# Recovering a previous RAID1



## Kim1048 (Mar 10, 2015)

Hi, I've been working around a server for school and we've been through multiple steps to fix our problems, but I really need more help right now. Here's a brief of what we're experimenting.

About 2 weeks ago, I got told from one of my teachers (I'm currently studying to become IT) that our local server had a crash, and that it couldn't boot like it used normally. (We found out later that this problem was caused due to an update from FreeBSD to Windows Server 2008).

We got back to FreeBSD today, installed it on the OS disk. But previously in our server, we had a RAID1 going for our 3 storage drives (2TBx3) so we had 4 separate drives for that server (1 OS, 3 Storage) and now that we are back in BSD, I want to find a way to restore my RAID1 as it was before.

I've seen a couple of threads on how to recreate a RAID1 storage but I want to make sure my files wont be affected, since I need to backup those 2TB of data, which are SUPER important for school.

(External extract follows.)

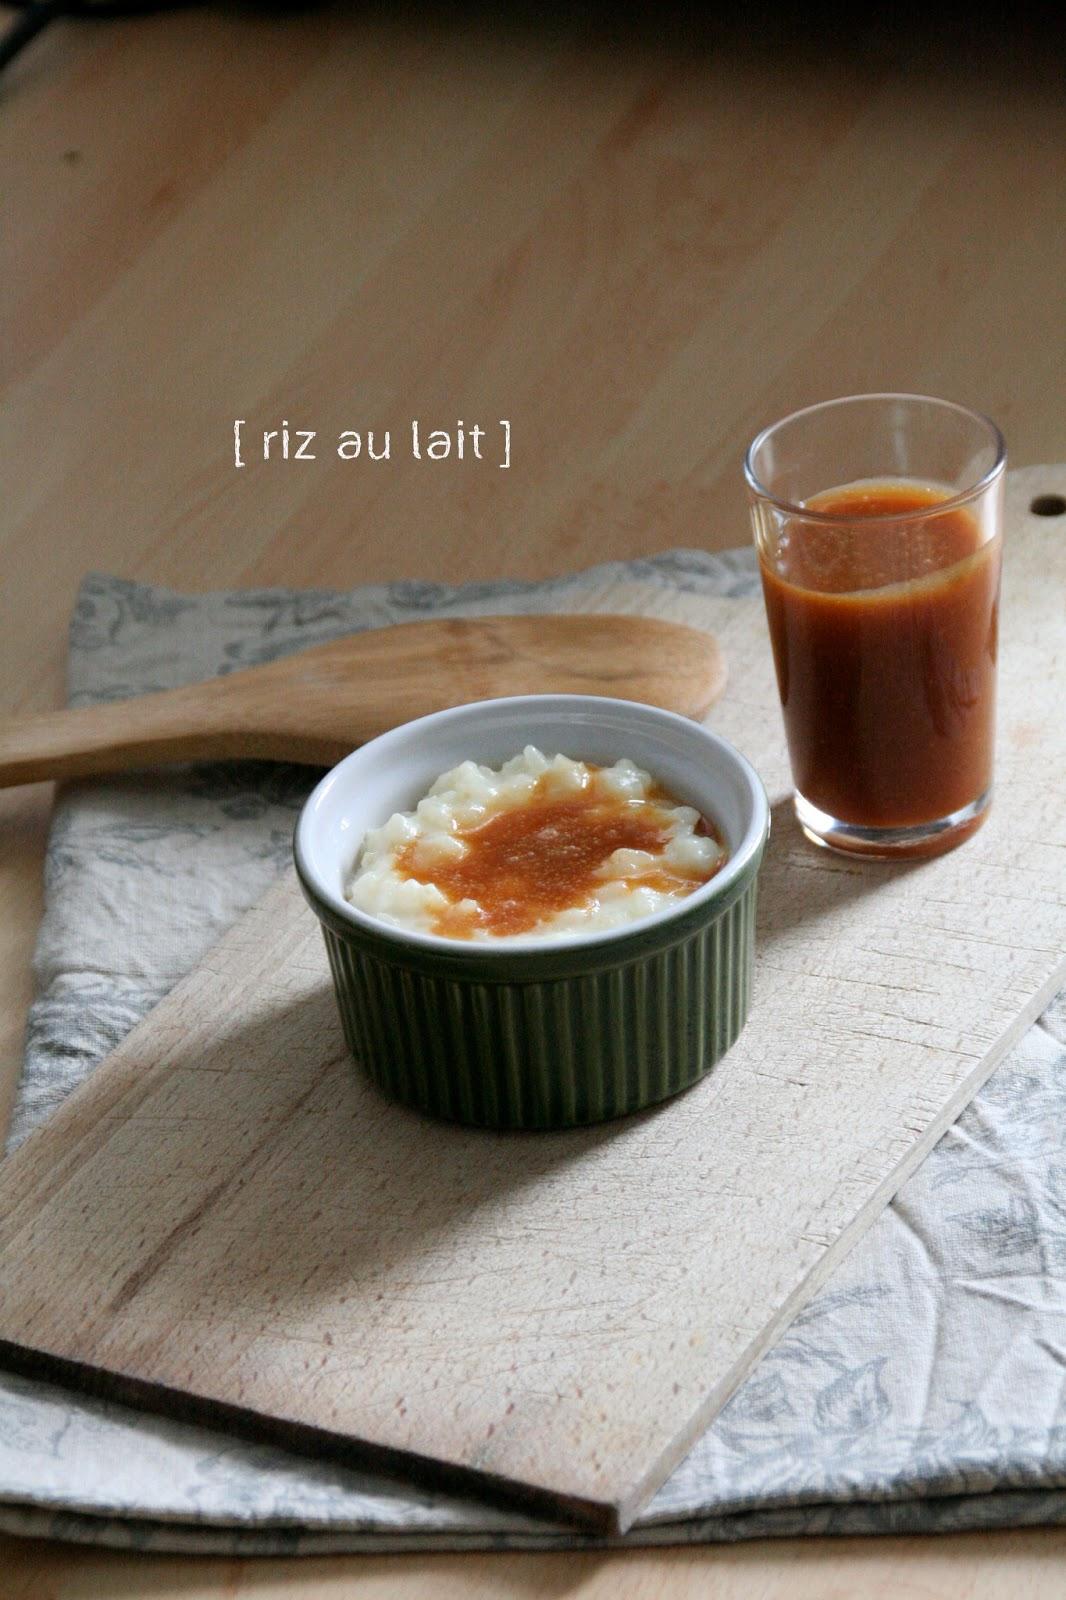 riz au lait au caramel au beurre sal blogs de cuisine. Black Bedroom Furniture Sets. Home Design Ideas

Thanks in advance for your help guys.

Kim


----------



## kpa (Mar 10, 2015)

RAID1 using which method/filesystems/drivers? It makes very big difference to what kind of recovery procedure is needed if the system was using a BIOS-assisted softraid (usually graid(8) in FreeBSD), gmirror(8), ZFS mirrored pool or a hardware RAID. Tell us more about the system and we might be able to help.


----------